Supposed witch (1605-1692?). Like many women accused during the witch trials in New England, Keziah Mason was an elderly woman who lived alone and had eccentric habits. She had never married, refused to attend the local church, threw rocks at children who came near her home, and had been suspected for years of setting fires in the fields of local farmers who displeased her.

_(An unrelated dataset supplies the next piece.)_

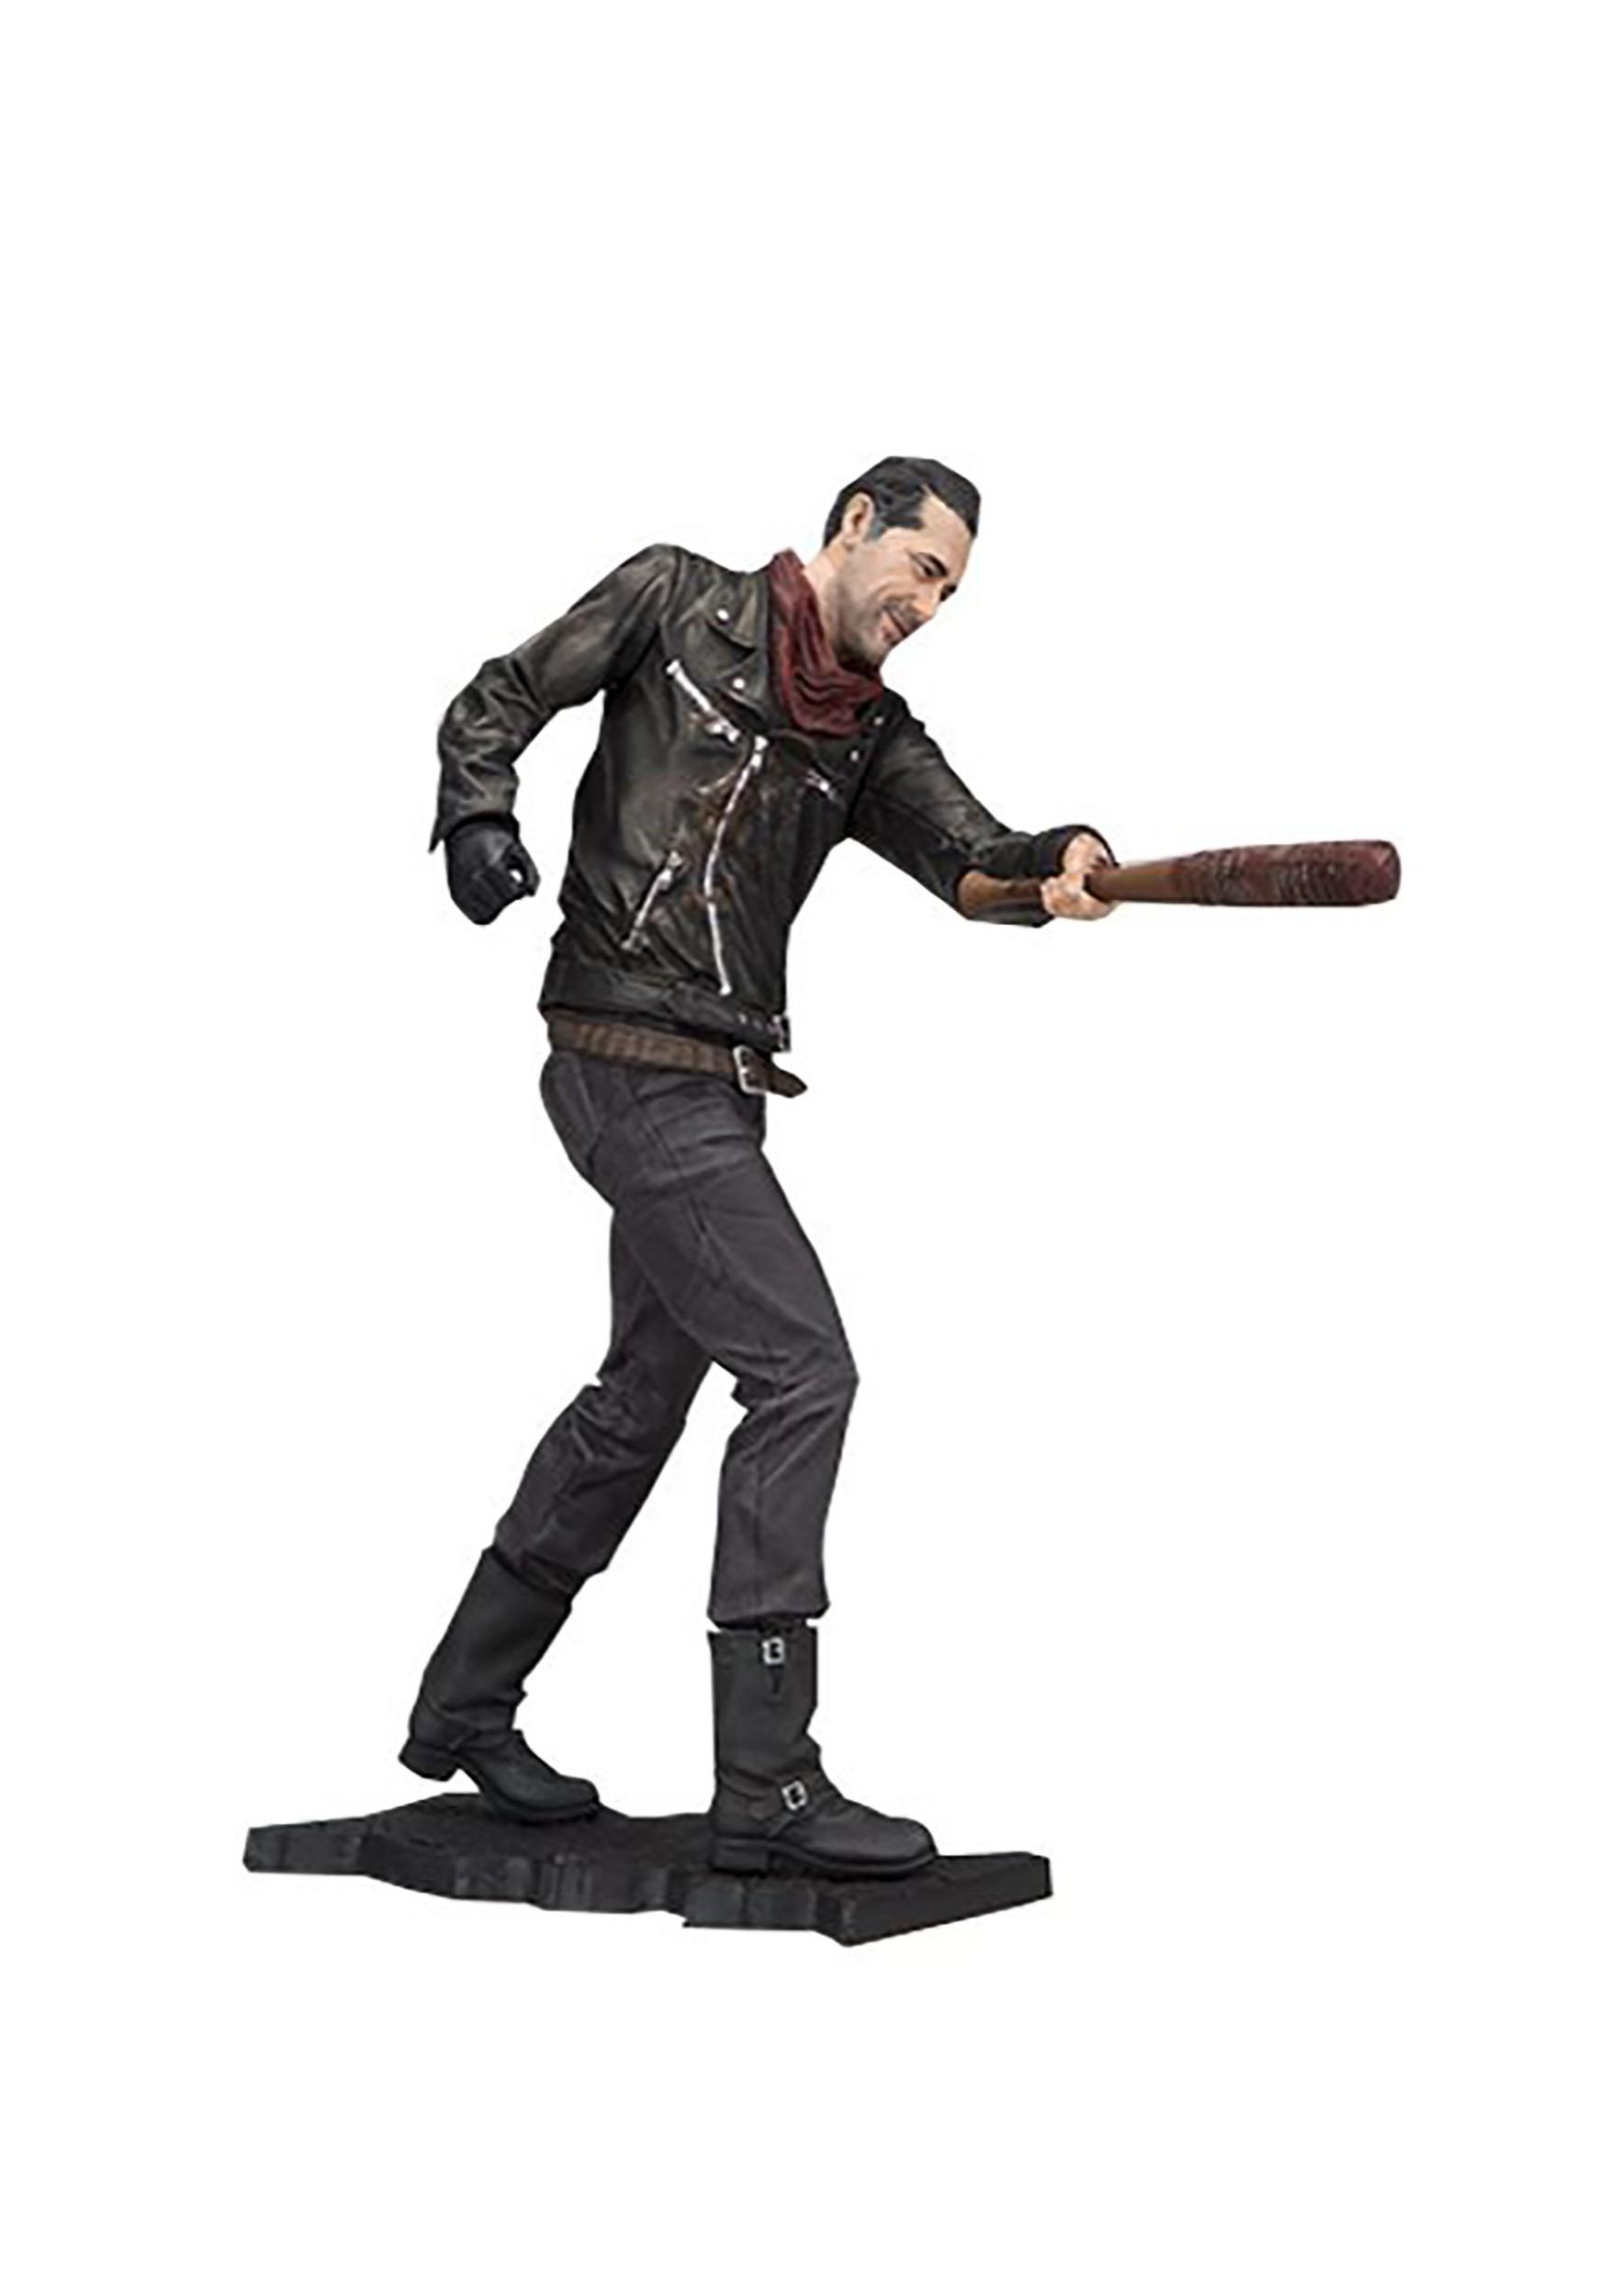 Walking Dead Deluxe Negan Merciless Edition 10-Inch Figure

However, unlike other accused women, Mason is considered by history to be a truly malign person. There was strong circumstantial evidence that she had murdered several children who had made pests of themselves. Two had thrown rocks through her windows and vanished less than two weeks later. Another made up insulting songs about her and was found stabbed to death in her bed just two nights later. A fourth drew chalk caricatures of her on the walls of buildings near her house. He vanished before the week was over and wasn't found for over five months. He was discovered in a field outside of Arkham, Massachusetts, that was owned by Mason. The boy had been decapitated and dismembered. His limbs and torso were arranged in a five-sided pentagon, with his head in the middle.

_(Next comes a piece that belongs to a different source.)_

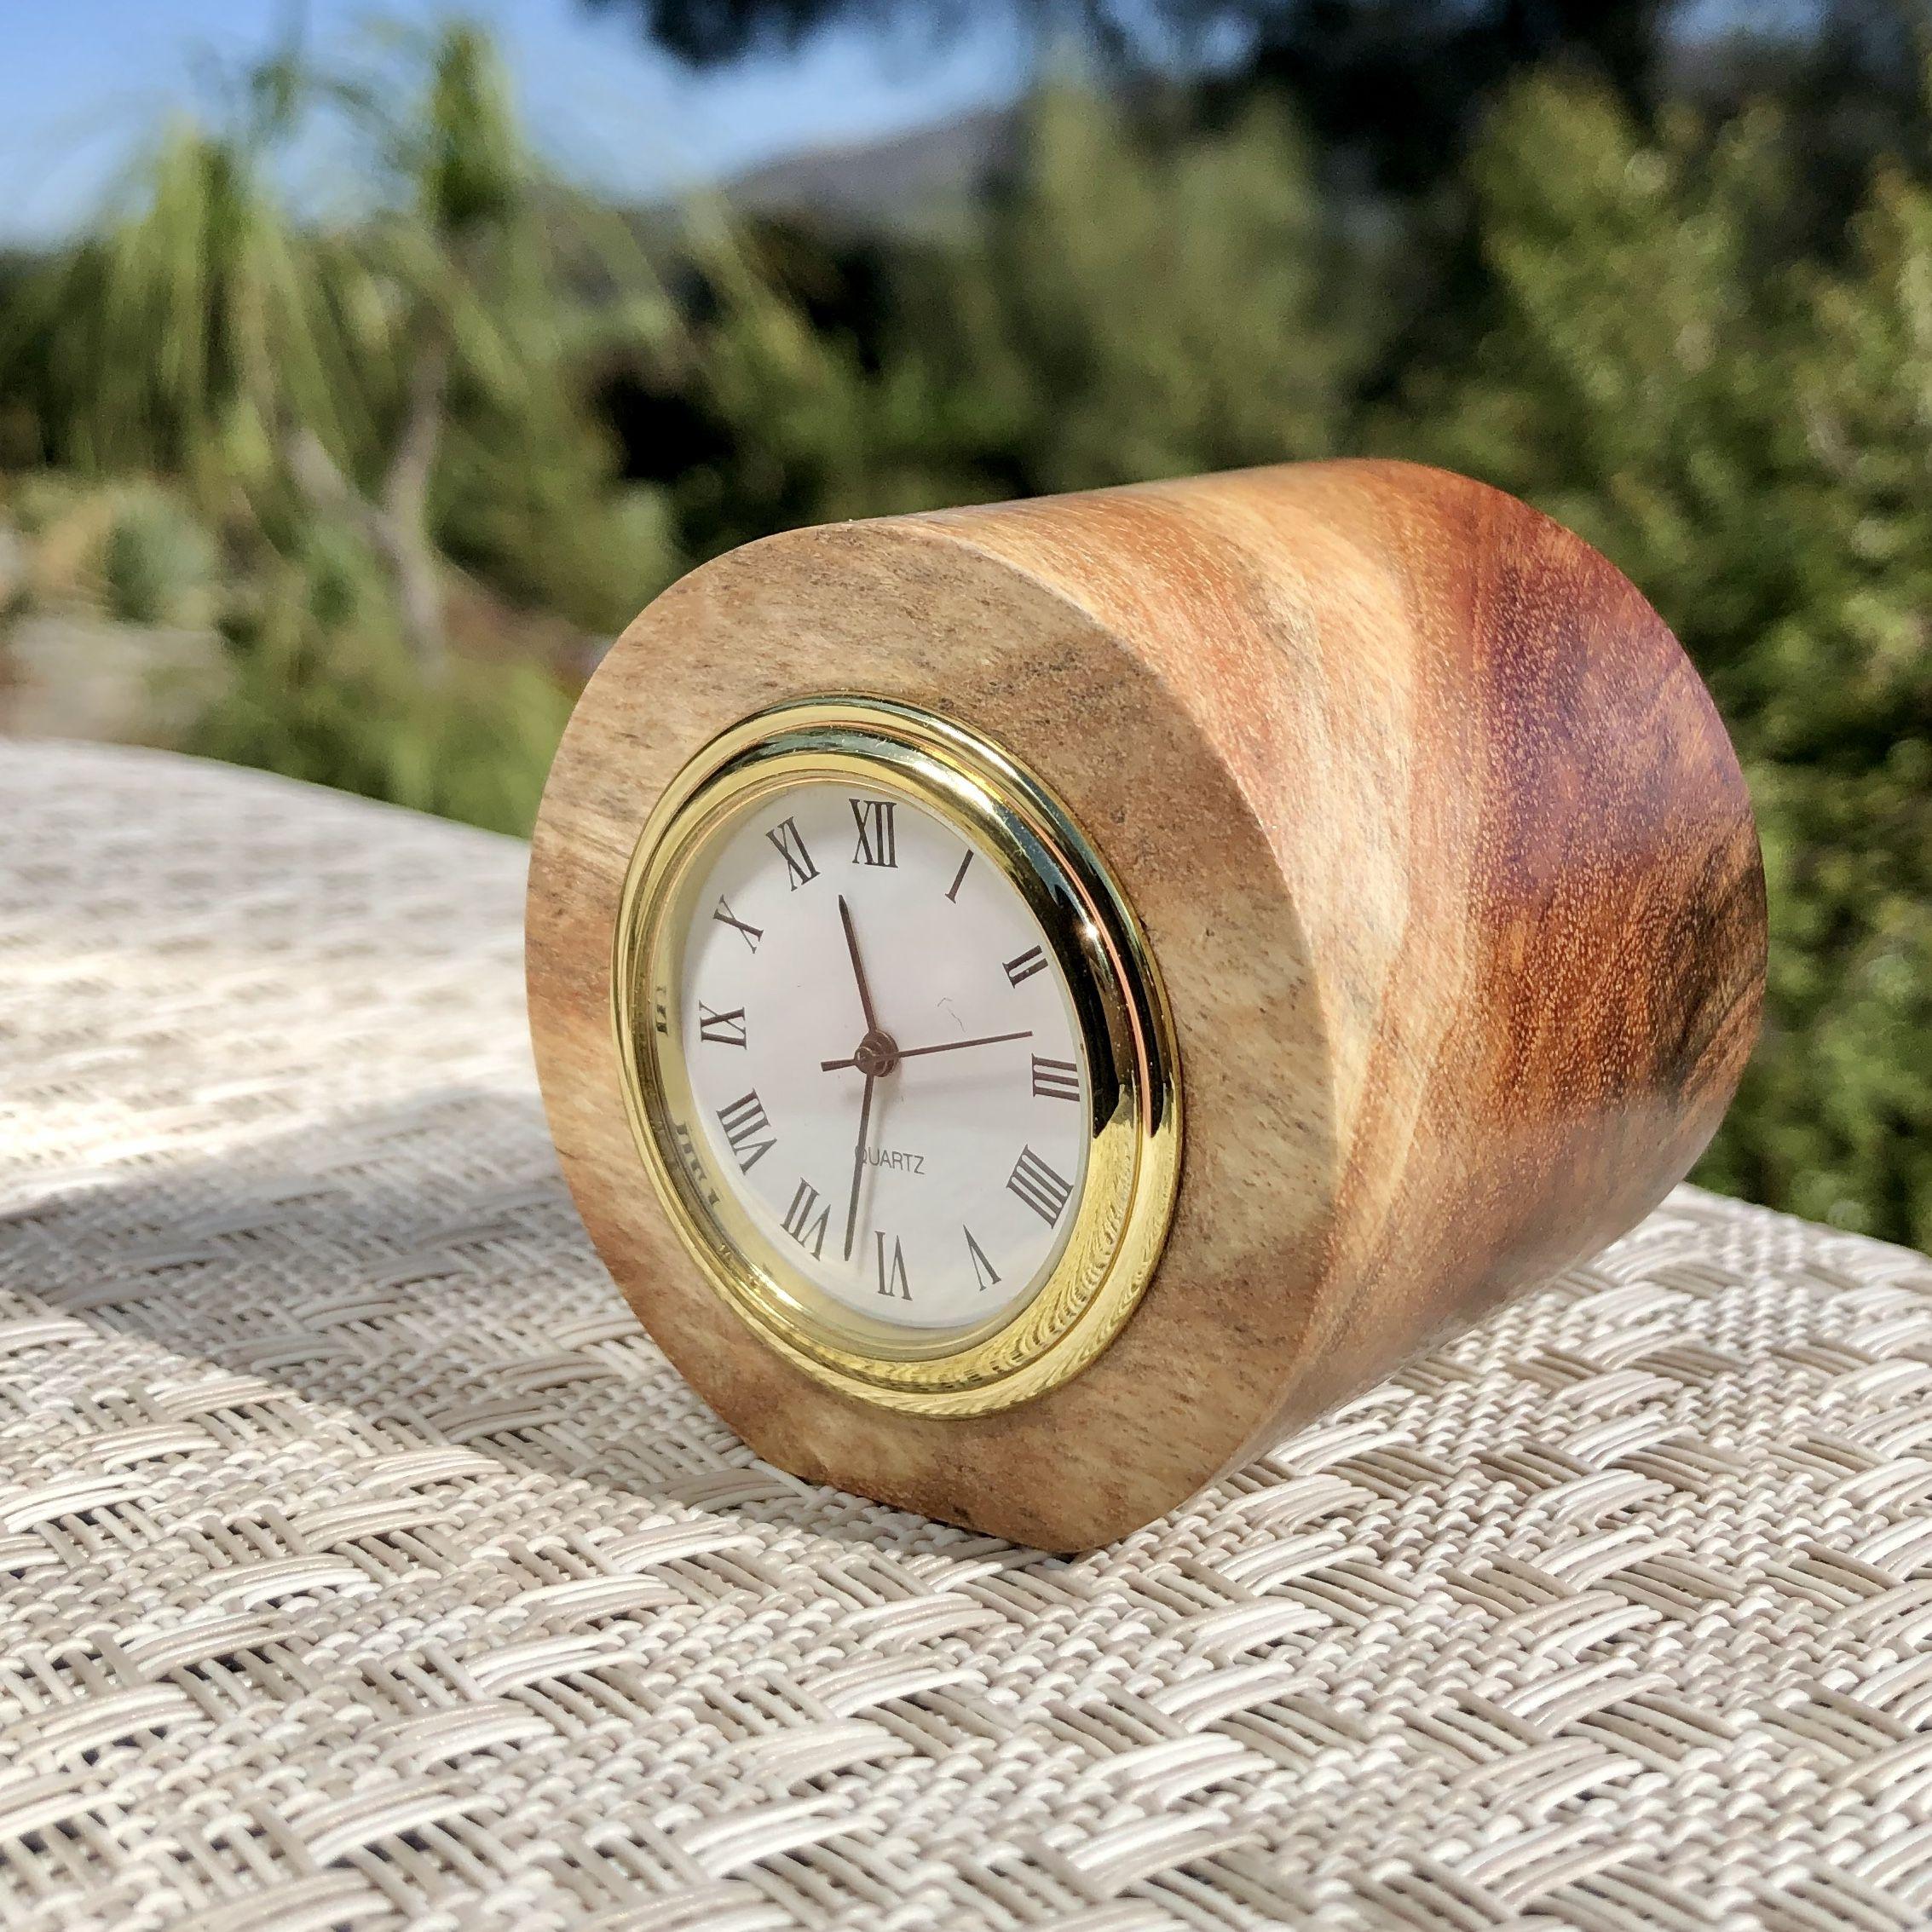 Small Wooden Desk Clock Clock Wood Analog Clock Wedding Gift

Mason was accused of witchcraft in the early summer of 1692. Unlike other witches, she confessed happily and without torture, bragging that Satan had given her a new name, Nahab, taken her to evil rituals in Boston, France, England, Spain, Africa, China, and a country called Leng, and helped her defile churches, corrupt maidens, and infect dozens of people with consumption, or tuberculosis. She claimed that the Devil (whom she insisted on calling the Black Man in the Woods) had taught her how to travel great distances by drawing certain combinations of lines and angles and that he had given her a special familiar -- a rat with a human face, which she named Brown Jenkin.

Mason was, obviously, convicted and condemned to death, but she somehow managed to escape from her cell, leaving nothing behind but a few mysterious lines and angles drawn on the wall of her cell. She was never re-captured.

Sightings of Keziah Mason and Brown Jenkin persist to the present day. She has been blamed for almost a dozen deaths since the 1700s.